---------- Dataset content ----------

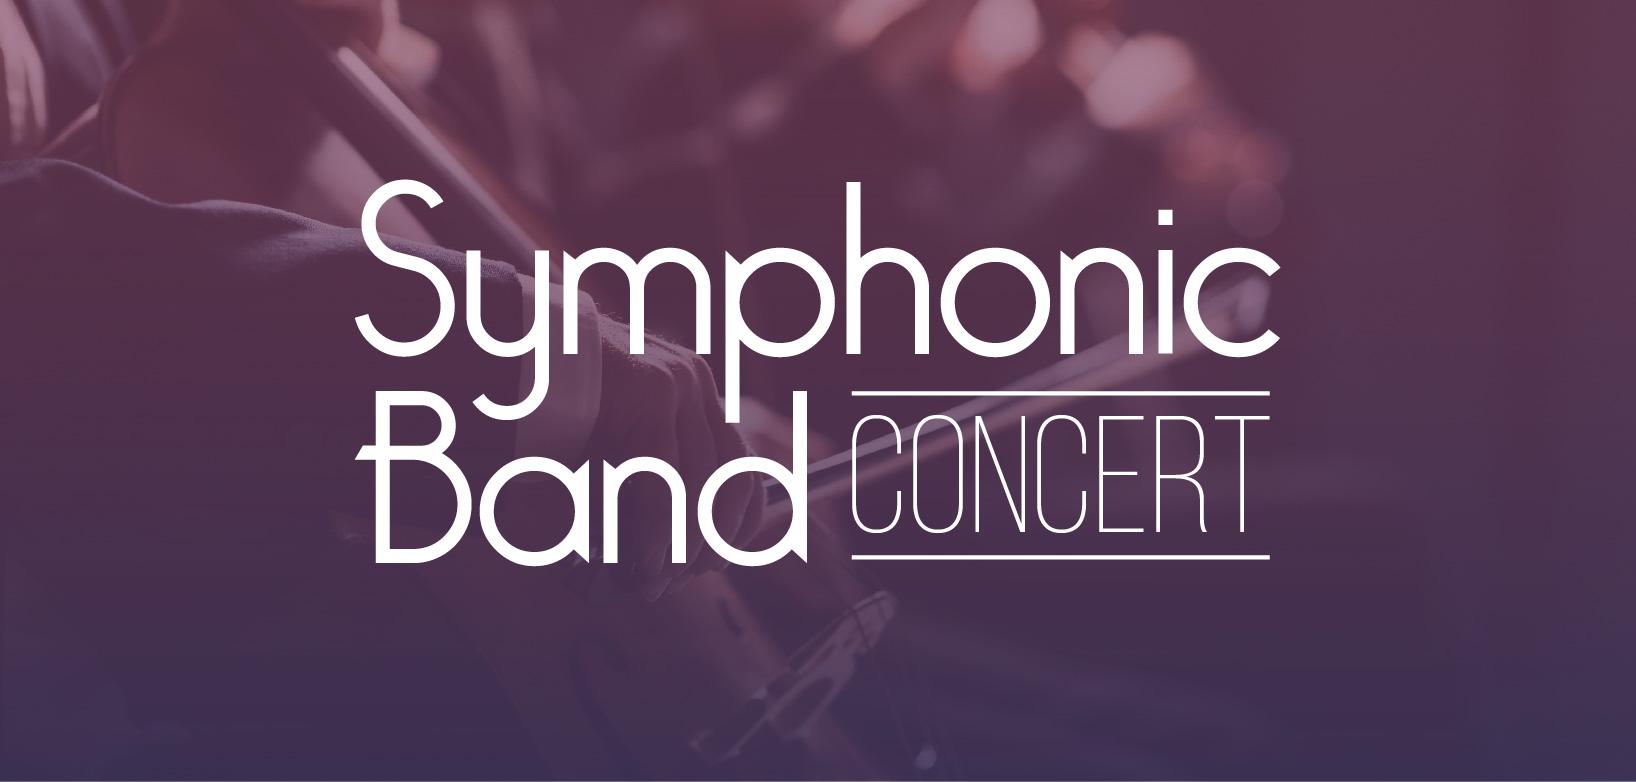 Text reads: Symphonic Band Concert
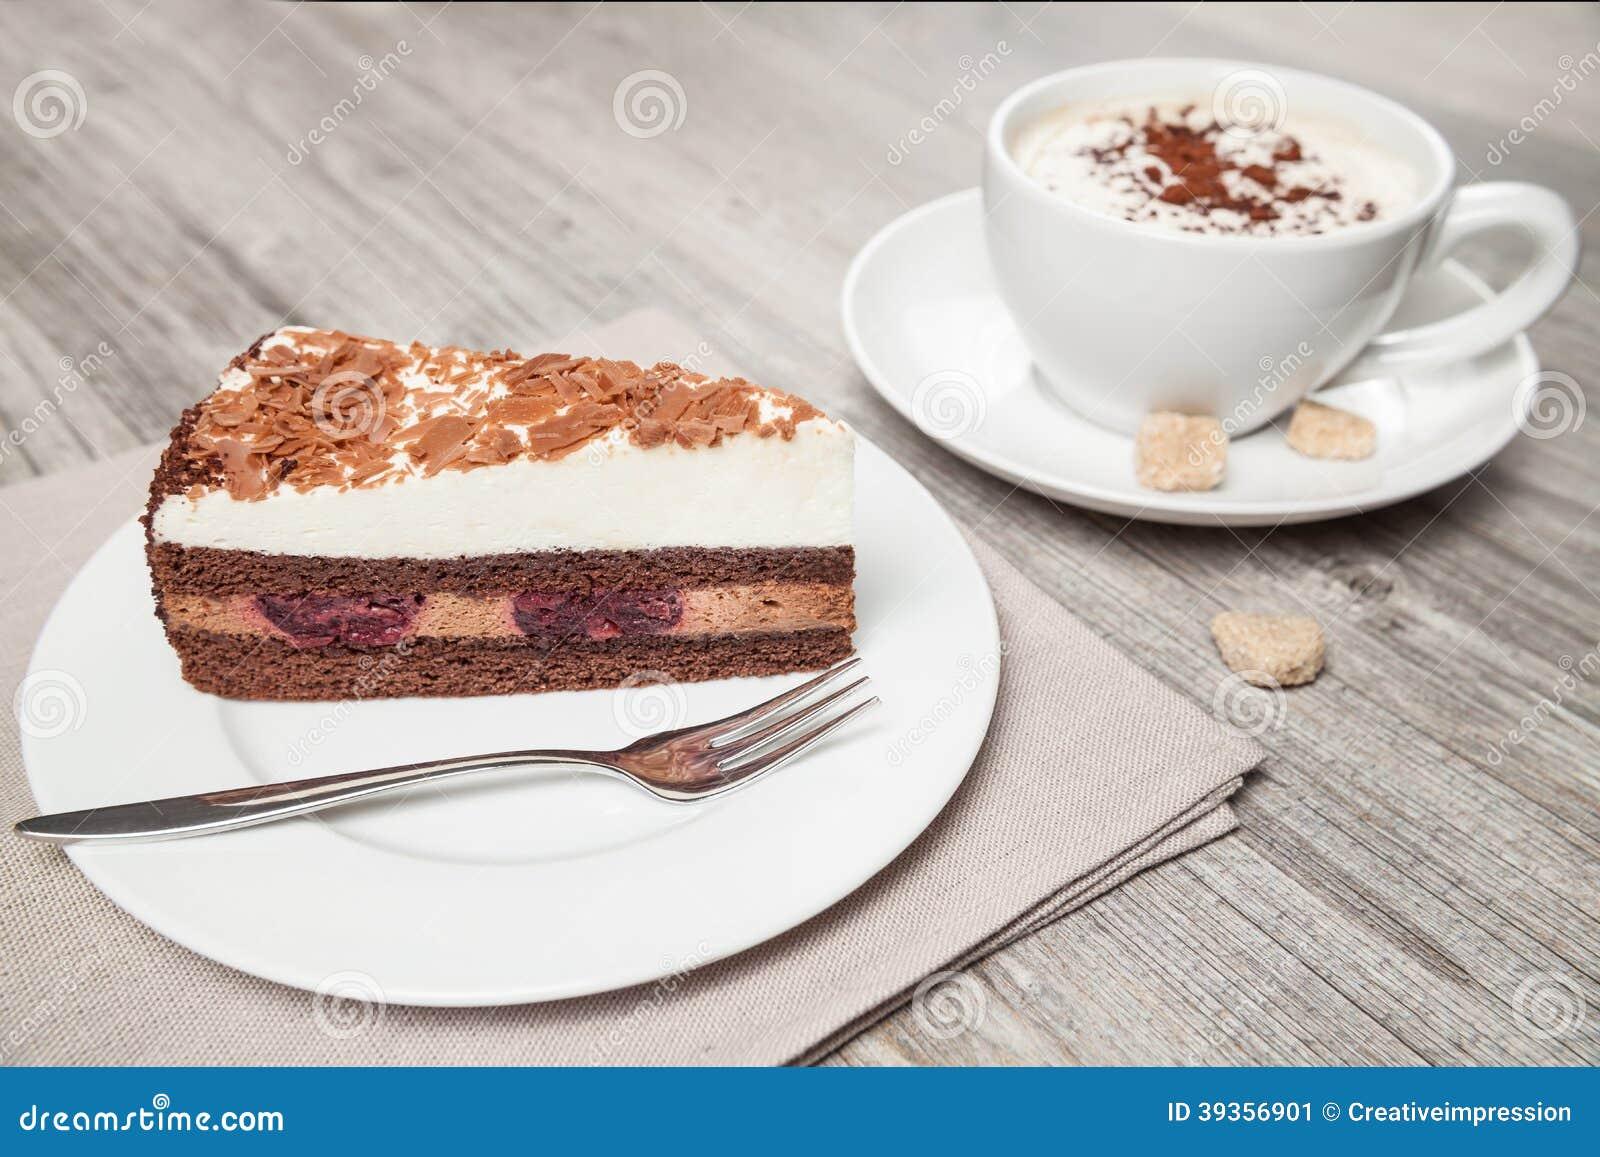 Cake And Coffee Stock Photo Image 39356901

----------
---------- Dataset content ----------

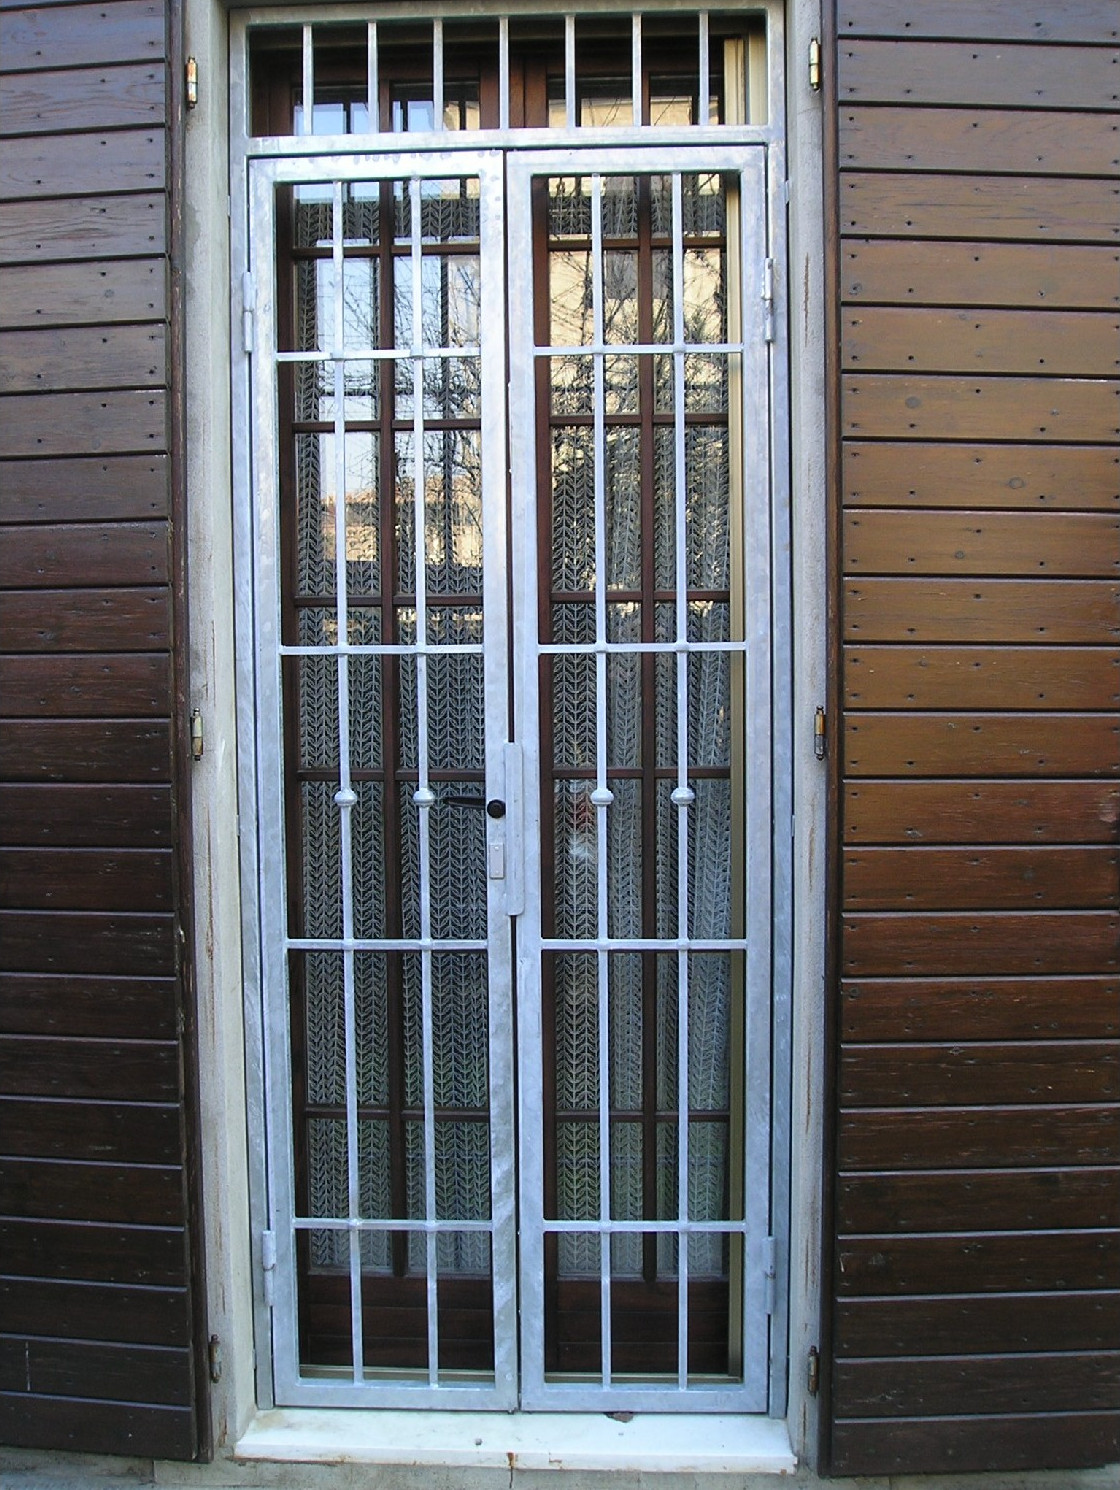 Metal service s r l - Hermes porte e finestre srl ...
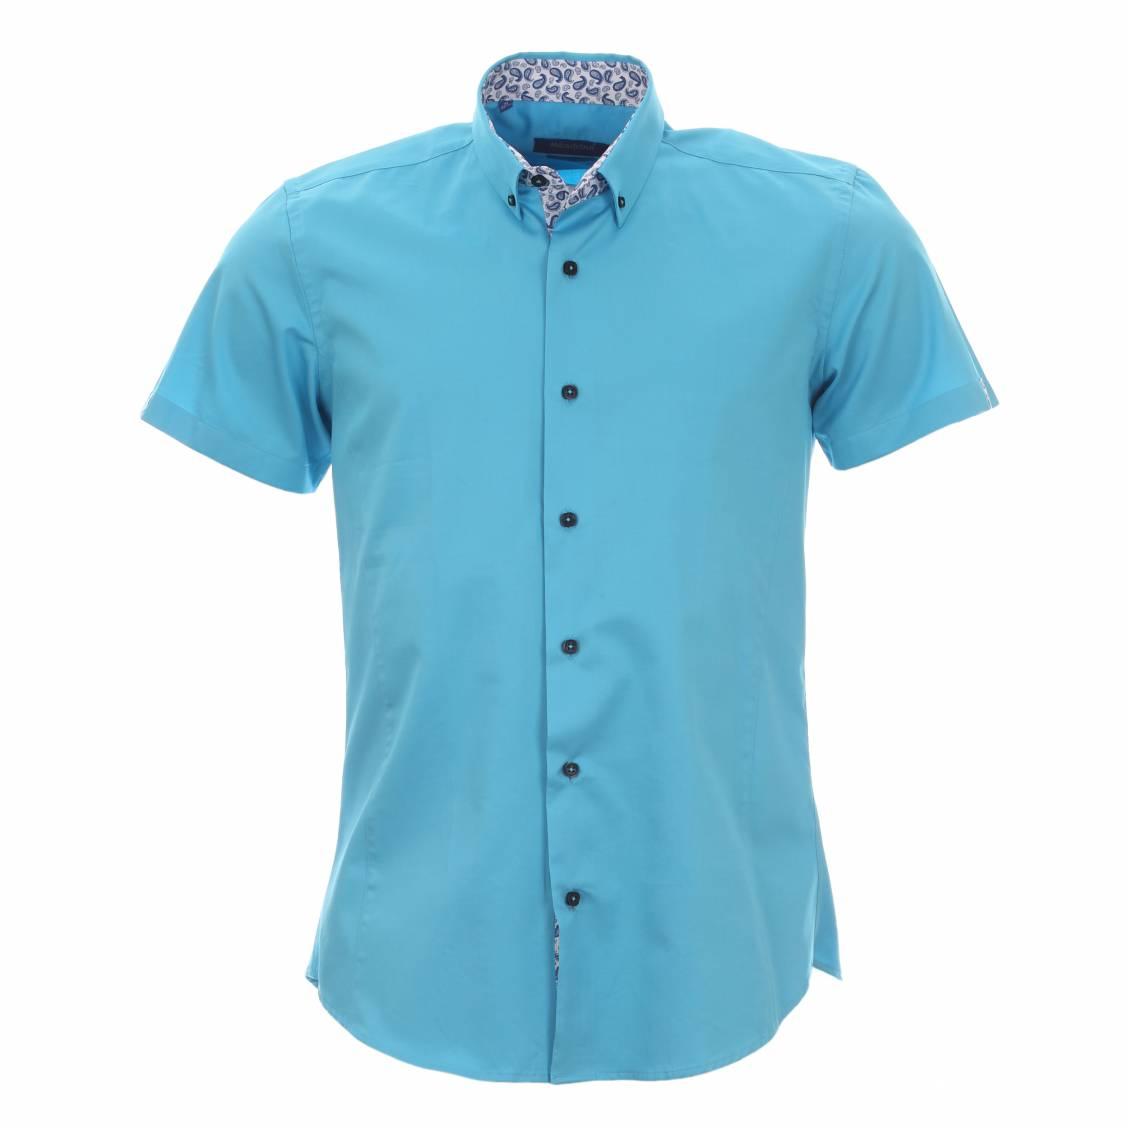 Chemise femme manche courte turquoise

----------

> **Directions**
To complete this exercise, transcribe exactly the lines above from the one that holds "Text reads: Symphonic Band Concert" through the one that holds "Cake And Coffee Stock Photo Image 39356901". Pictures stay out.

> **Answer area**
 Text reads: Symphonic Band Concert
 Cake And Coffee Stock Photo Image 39356901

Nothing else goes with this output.